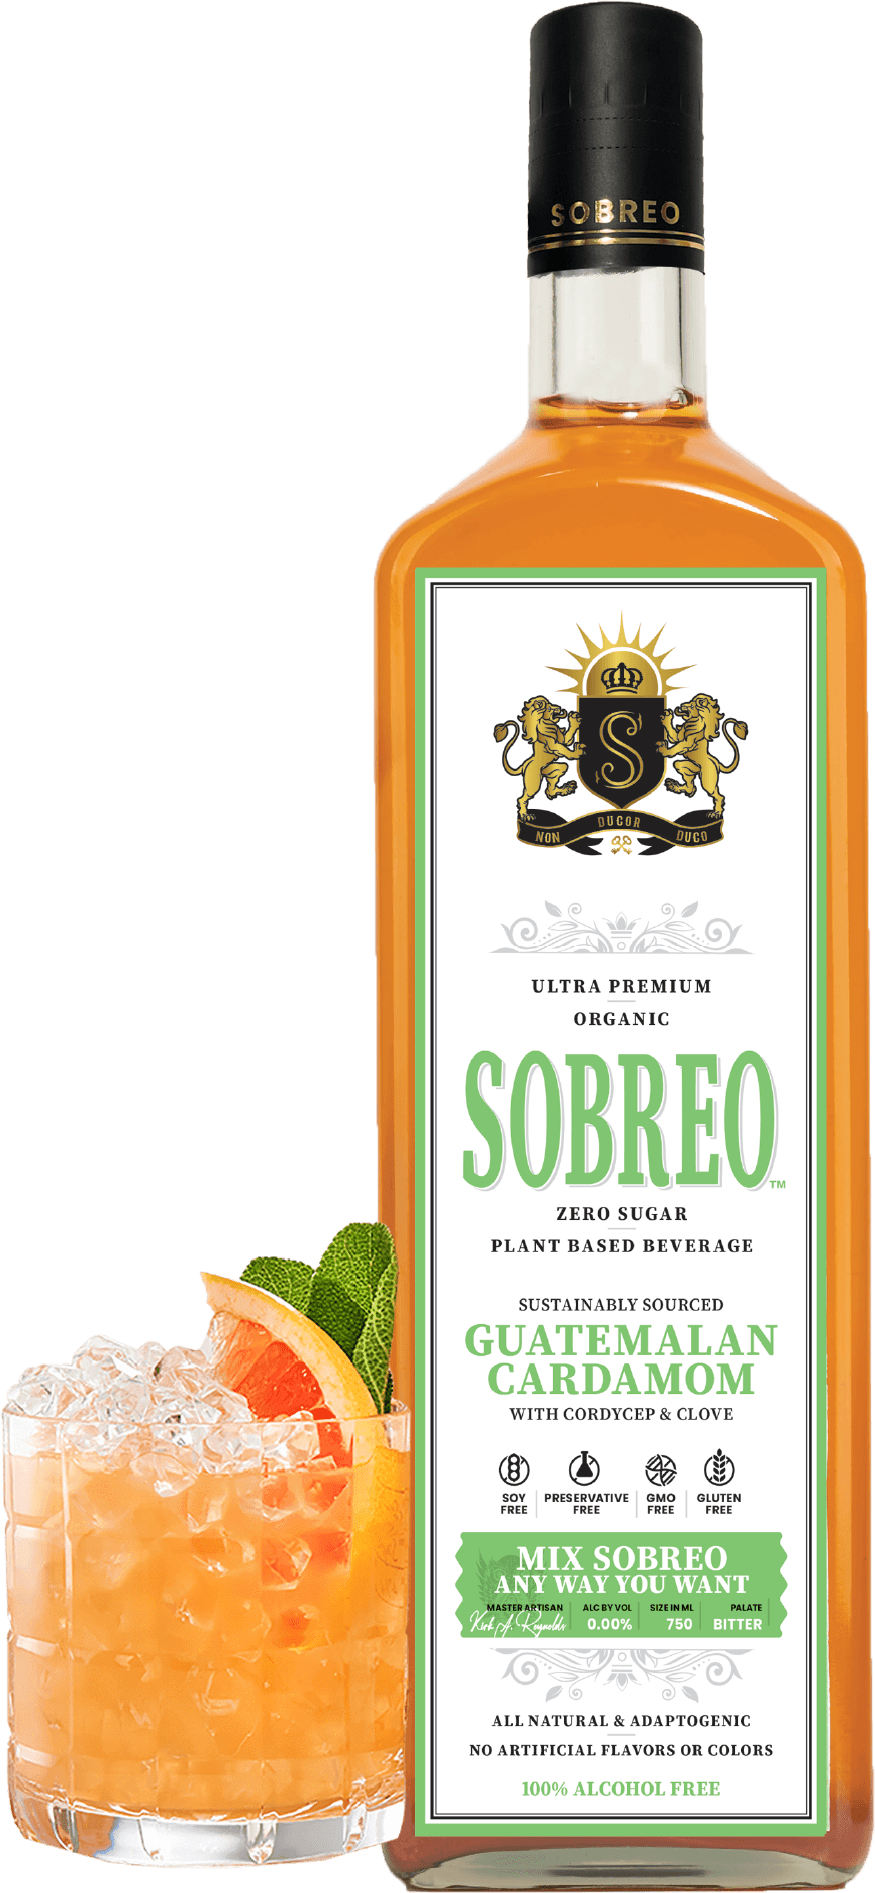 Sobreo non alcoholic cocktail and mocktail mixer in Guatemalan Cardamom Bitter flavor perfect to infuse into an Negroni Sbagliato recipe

* * *

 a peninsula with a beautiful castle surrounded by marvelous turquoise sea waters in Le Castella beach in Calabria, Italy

--

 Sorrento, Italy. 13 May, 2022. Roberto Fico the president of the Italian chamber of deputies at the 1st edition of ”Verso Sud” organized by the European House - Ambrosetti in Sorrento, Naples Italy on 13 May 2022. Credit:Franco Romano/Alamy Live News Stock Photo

Task brief – Go over the data above and copy every line that has the word "Italy" in it.

Worked solution –
 a peninsula with a beautiful castle surrounded by marvelous turquoise sea waters in Le Castella beach in Calabria, Italy
 Sorrento, Italy. 13 May, 2022. Roberto Fico the president of the Italian chamber of deputies at the 1st edition of ”Verso Sud” organized by the European House - Ambrosetti in Sorrento, Naples Italy on 13 May 2022. Credit:Franco Romano/Alamy Live News Stock Photo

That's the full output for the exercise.